GIVEN DATA Start Marker
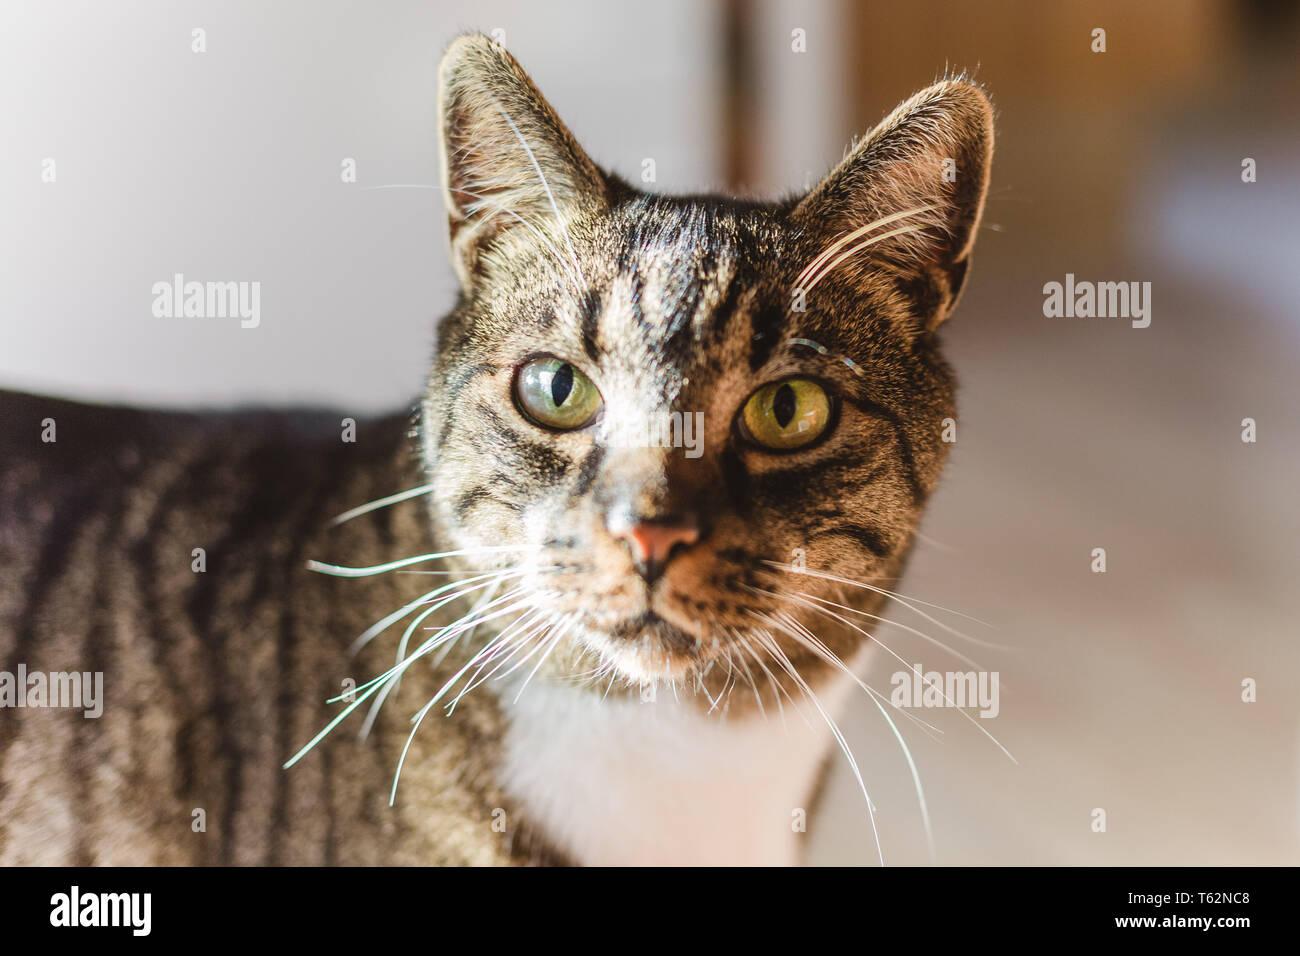 Haustier Katze Kater Augen offen wachsam gestreift / cat male, eyes open, striped, pet Stock Photo
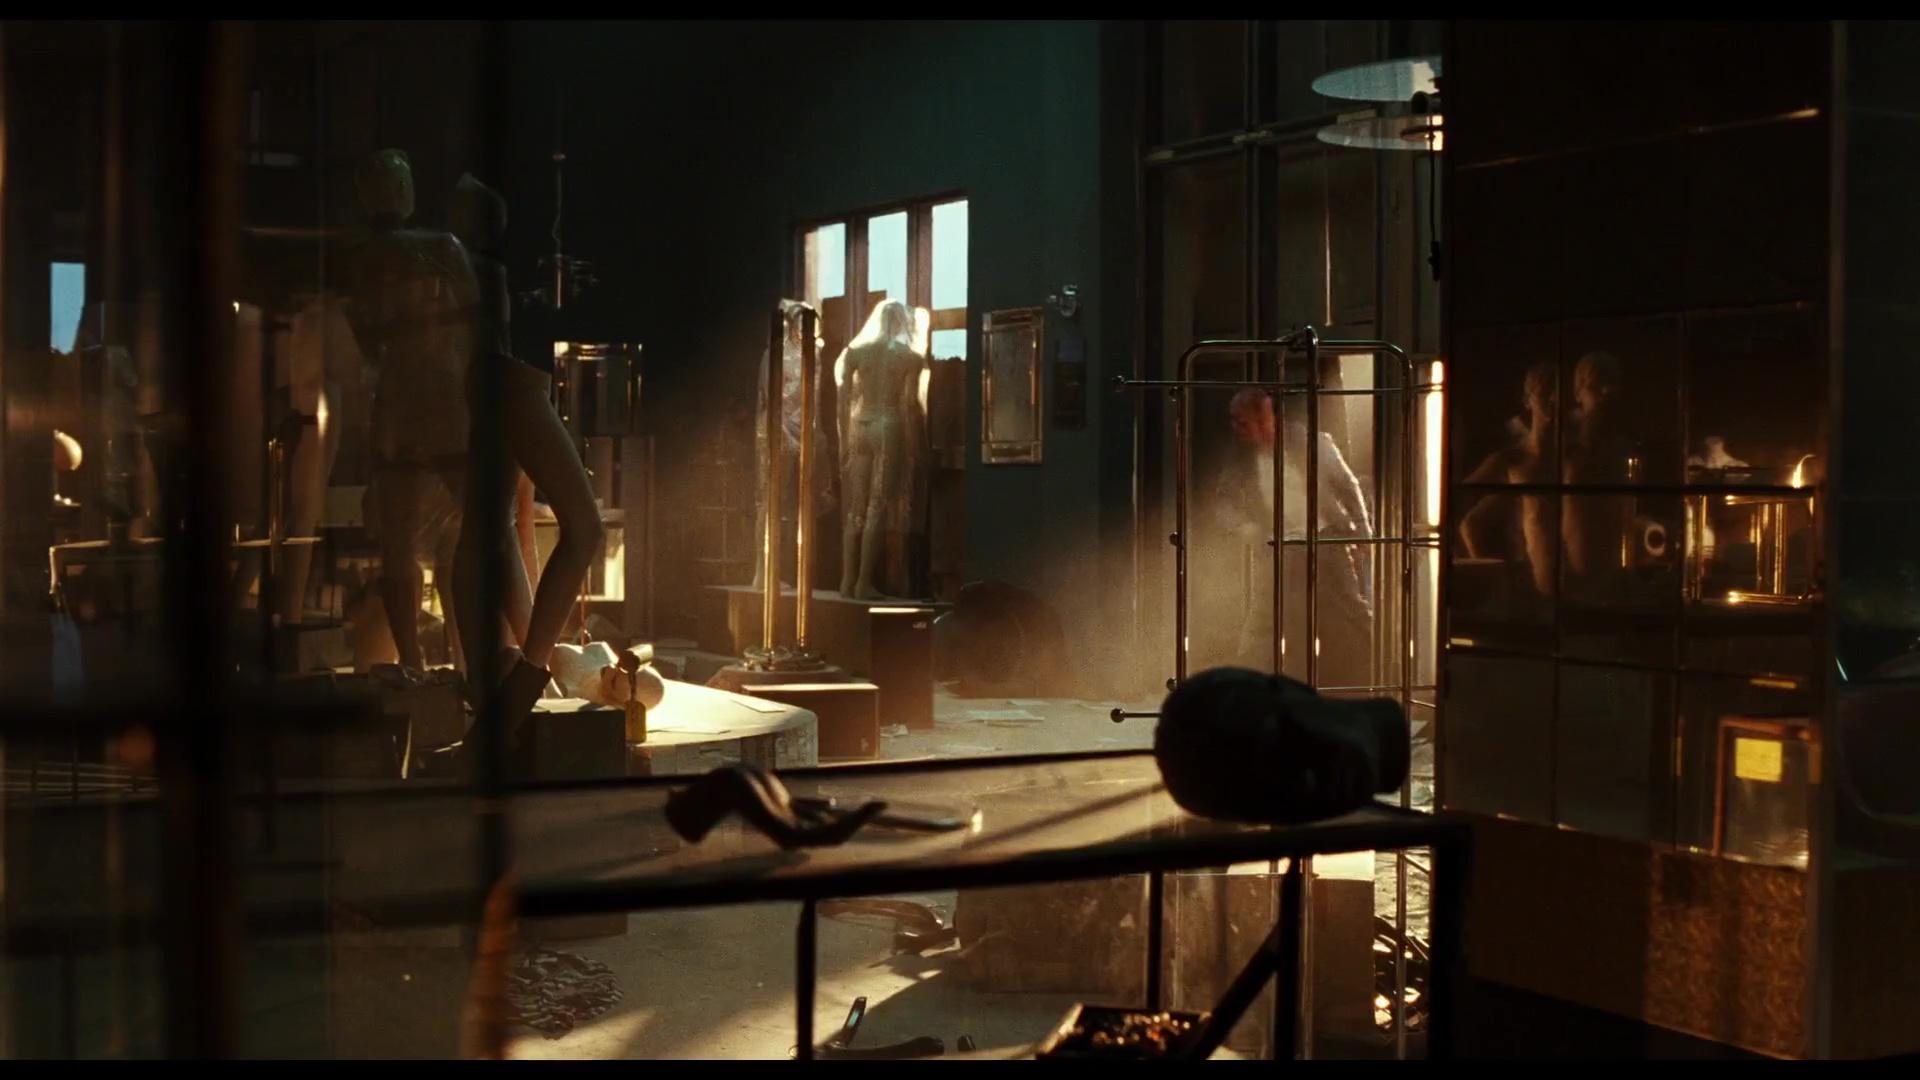 Duro De Matar 5 1080p Lat-Cast-Ing 5.1 (2013)
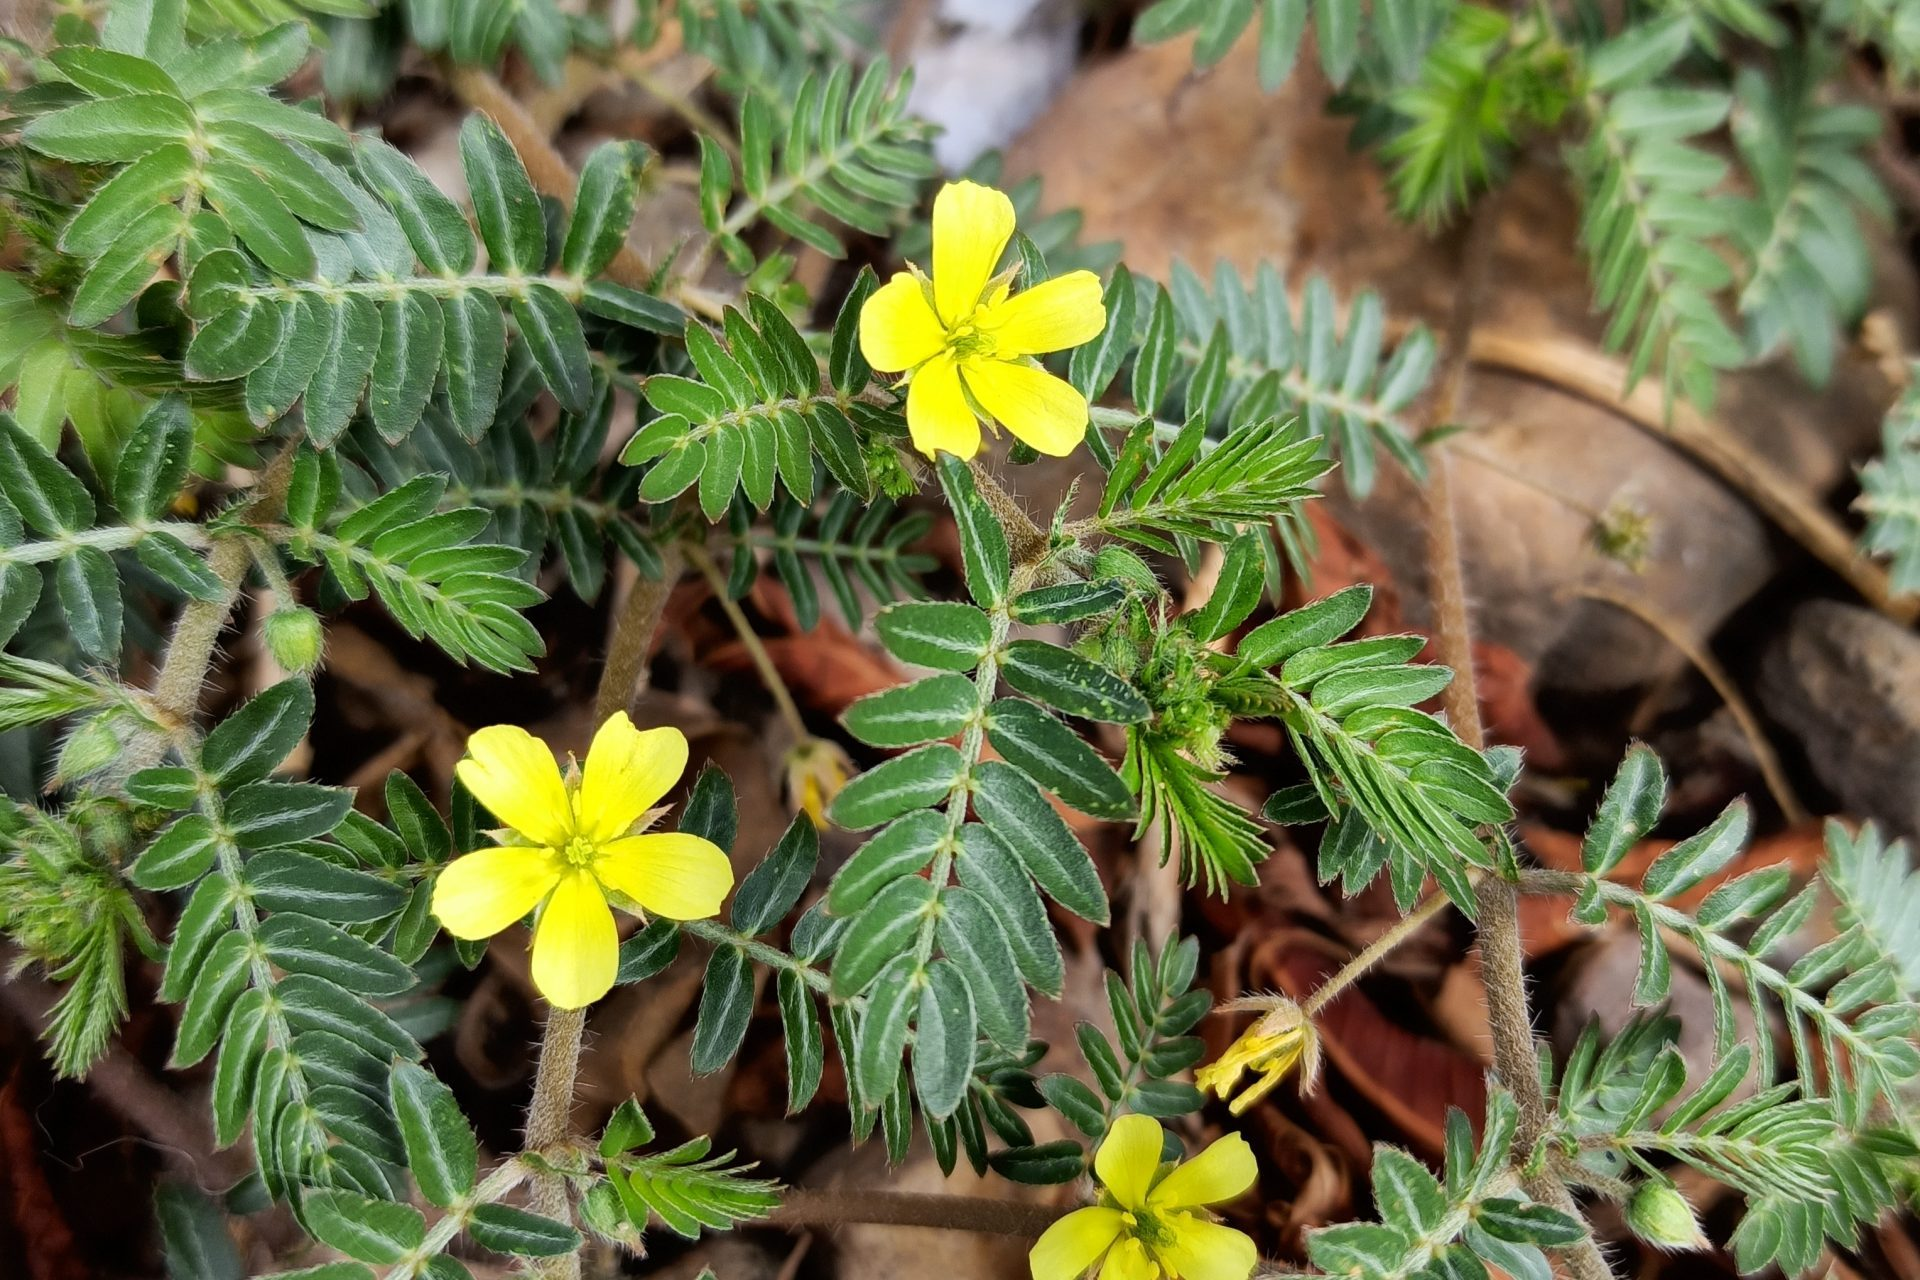 Tribulus_terrestris_(Family_Zygophyllaceae)
GIVEN DATA End Marker
Repeat the material exactly. Skip the images.

## RESPONSE BELOW
 Haustier Katze Kater Augen offen wachsam gestreift / cat male, eyes open, striped, pet Stock Photo
 Duro De Matar 5 1080p Lat-Cast-Ing 5.1 (2013)
 Tribulus_terrestris_(Family_Zygophyllaceae)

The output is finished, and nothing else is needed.